The simulation was conducted in MATLAB R2018a, and the underwater sensor nodes of UASN are all the same. Few researchers have considered SLP in UASNs; therefore, we selected two coverage schemes for water environment as comparison algorithms to show the importance and necessity of researching location privacy in UASN.
Before presenting the performance of the ConeSLP scheme, we first show the weakness (Wang W et al., 2019; Chang et al., 2019). Similar to the common UASN routing scheme, these two schemes are area coverage methods and not suitable for the network model in this research. The more nodes that can communicate directly with the sink node, the longer the lifetime of a UASN. This is because in a UASN, the nodes near the base station consume the most energy. As shown in Figure 13, ConeSLP scheme deploys nodes in a cone, and the schemes deploy nodes in a cylinder (Wang et al., 2019; Chang et al., 2019). The cone and the cylinder have the same height and radius, and the number of nodes deployed is the same. The network areas covered within the communication radius of the sink node are areas 1 and 2, respectively. In Figure 14A, the height of the cone and the cylinder is 800 m, the radius of the bottom surface is 300 m, and there are 1,000 nodes. In Figure 14B, the radius is changed to 500 m, and the rest of the metrics remain unchanged. In Figure 14A, when the communication radius expands to 150 or more, the number of nodes in area 2 exceeds that of area 1. As the radius of the cone and cylinder increases, as shown in Figure 14B, the number of nodes in area 1 is always greater than that in area 2. This shows that the larger the radius, the more the advantages of ConeSLP. In contrast, our proposed ConeSLP scheme takes SLP into consideration, and the lifetime of the network is longer than these previously proposed schemes.

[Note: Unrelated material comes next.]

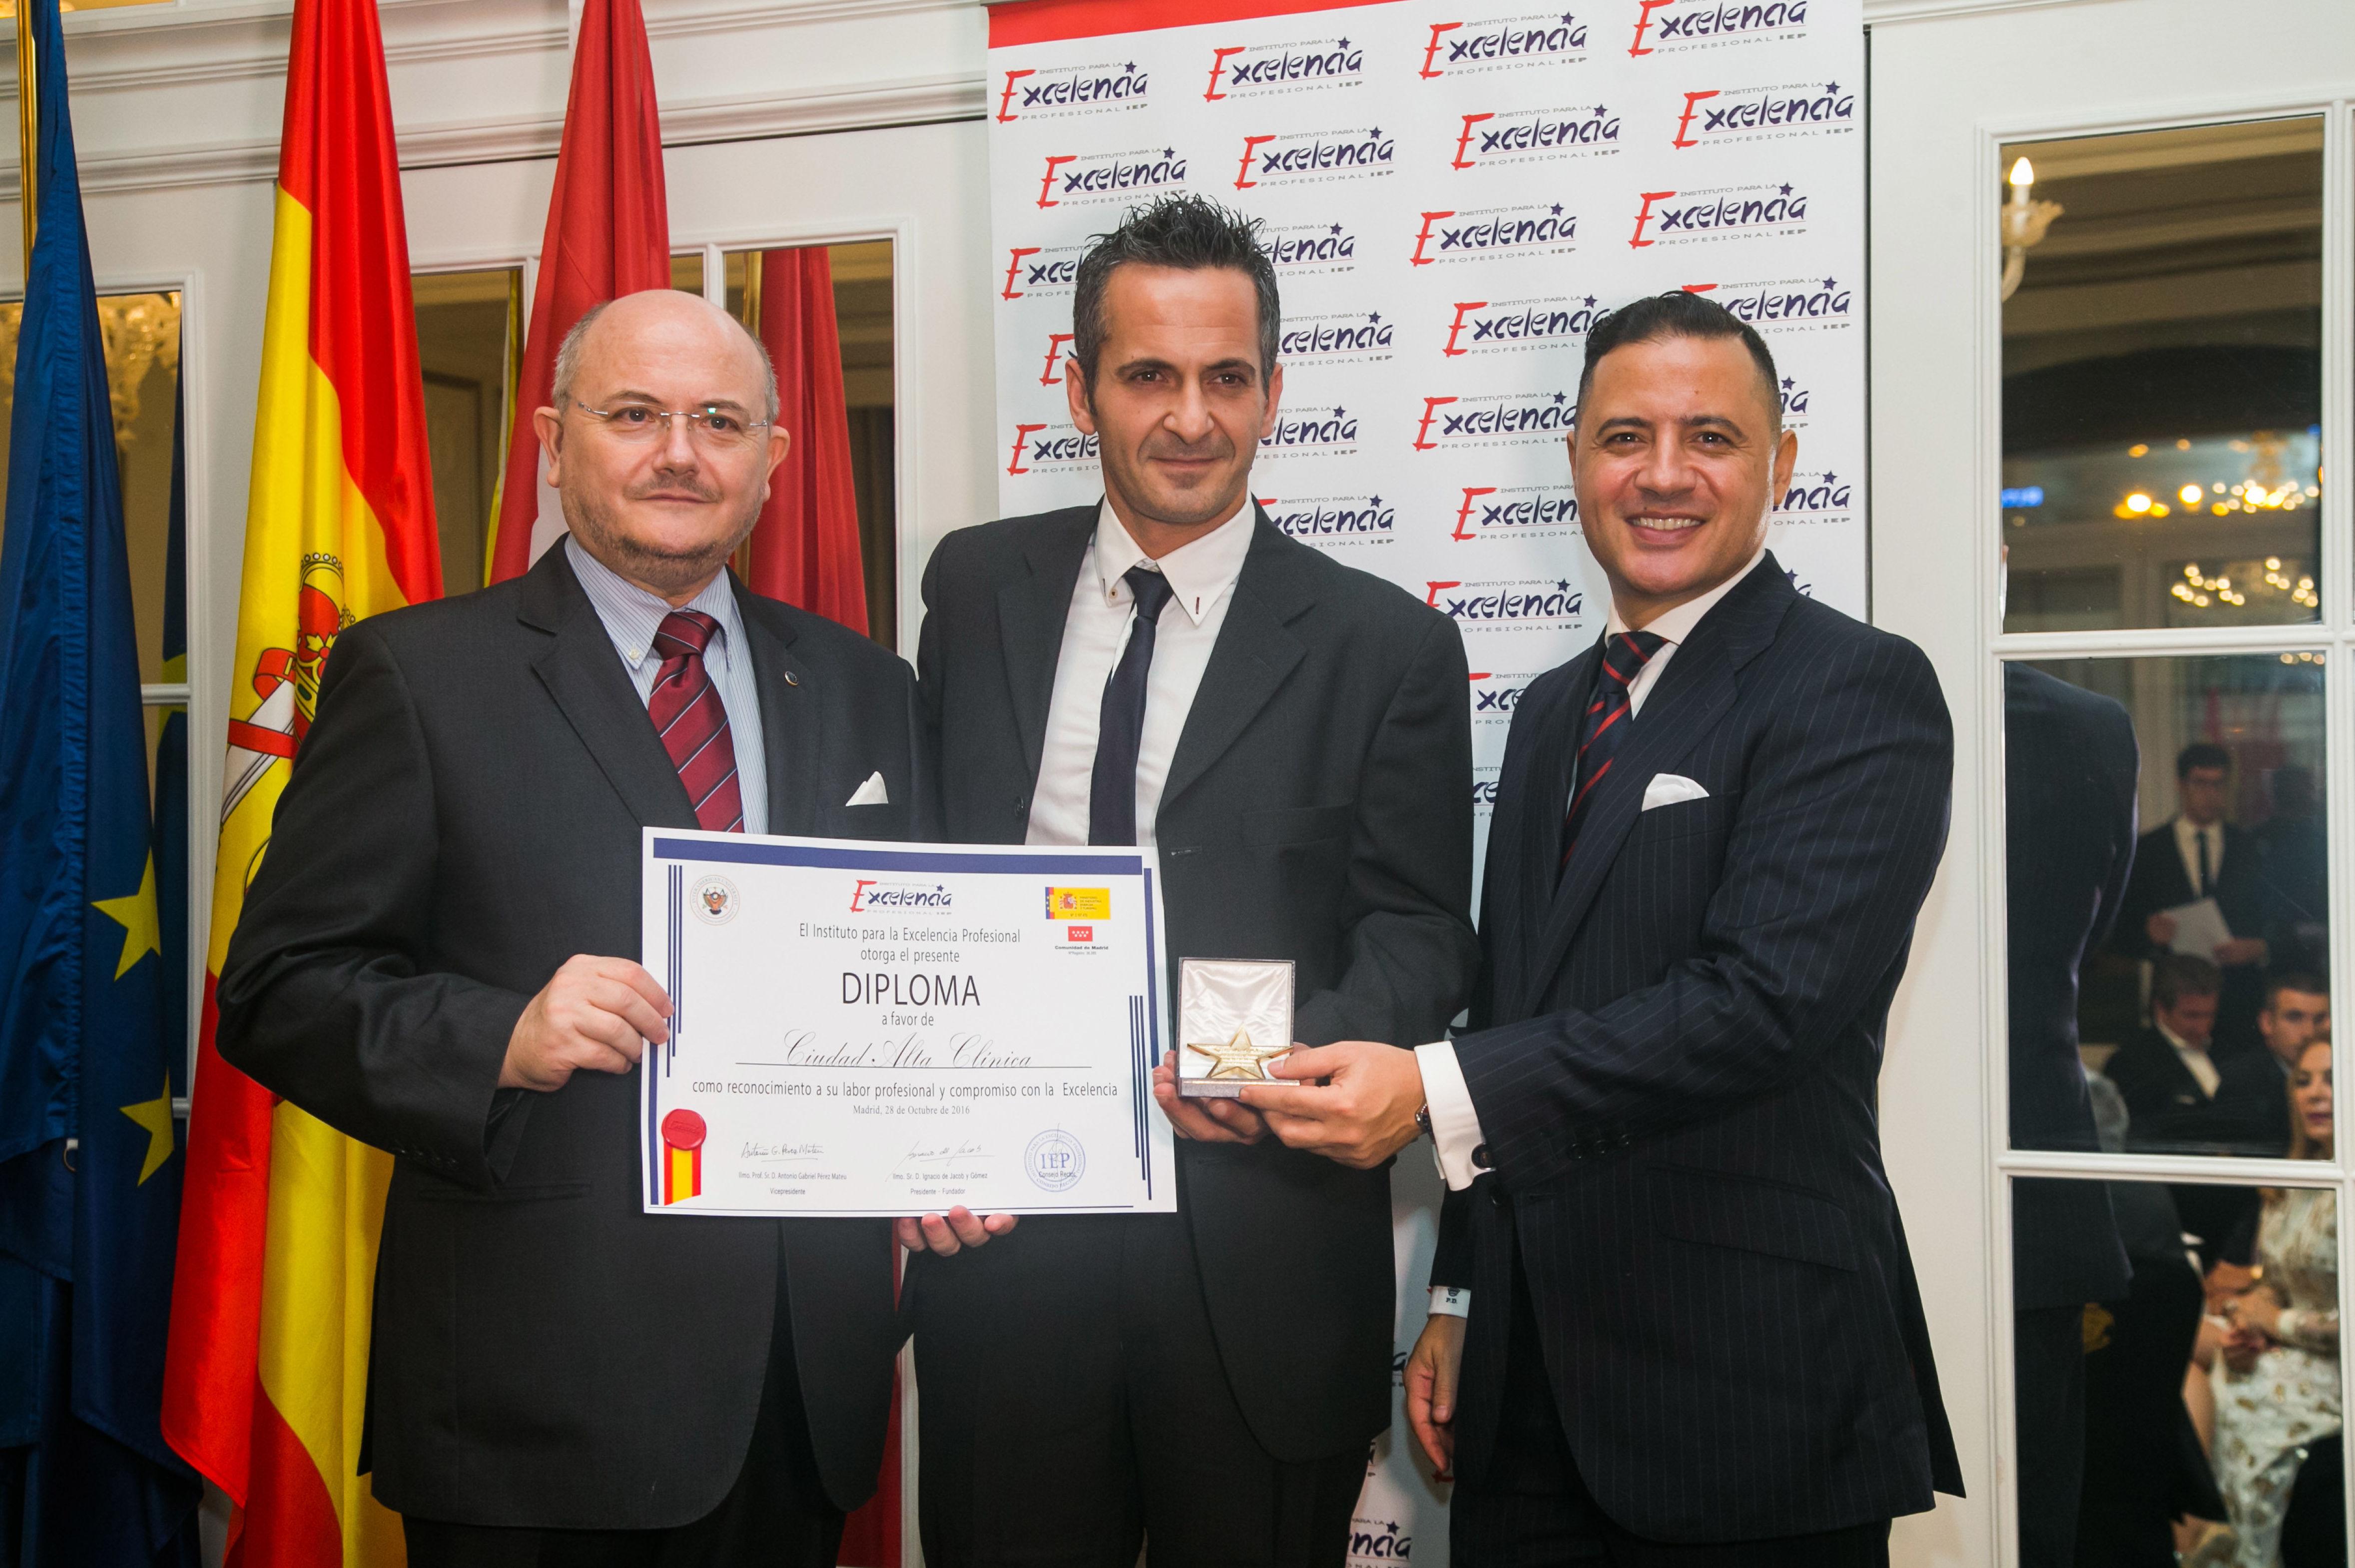 Fisioterapia y Fisioterapeutas Especialistas en Las Palmas

Figure 14 (A) Number of nodes in areas, A; the radius is 300. (B) Number of nodes in areas, A; the radius is 500.
4.3.1 Safety distance
The attack eavesdrops the traffic flow to find the source location. The safety distance was the distance traveled by the adversary to find the location of the source. In other words, when the attack moves to the AUV, SLP is broken. Thus, the longer the safety distance, the safer the network. In this research, SLP protection in the underwater environment was judged based on the moving distance of the attacker; the distance is bigger than the length of the routing path that consists of the vertical routing path and the circular routing path.
We conducted three sets of experiments with the main metrics settings shown in Table 1. Each set of experiment is divided into two groups that use the same circular routing method, but the vertical routing methods are Method 1 and Method 2. In Figure 15, when Method 1 is used, the length of the vertical routing path is “Method 1: V”, the length of the circular routing path is “Method 1: C”, and the length of the total routing path is “Method 1: V+C”. When using Method 2, the routing path lengths are represented similarly.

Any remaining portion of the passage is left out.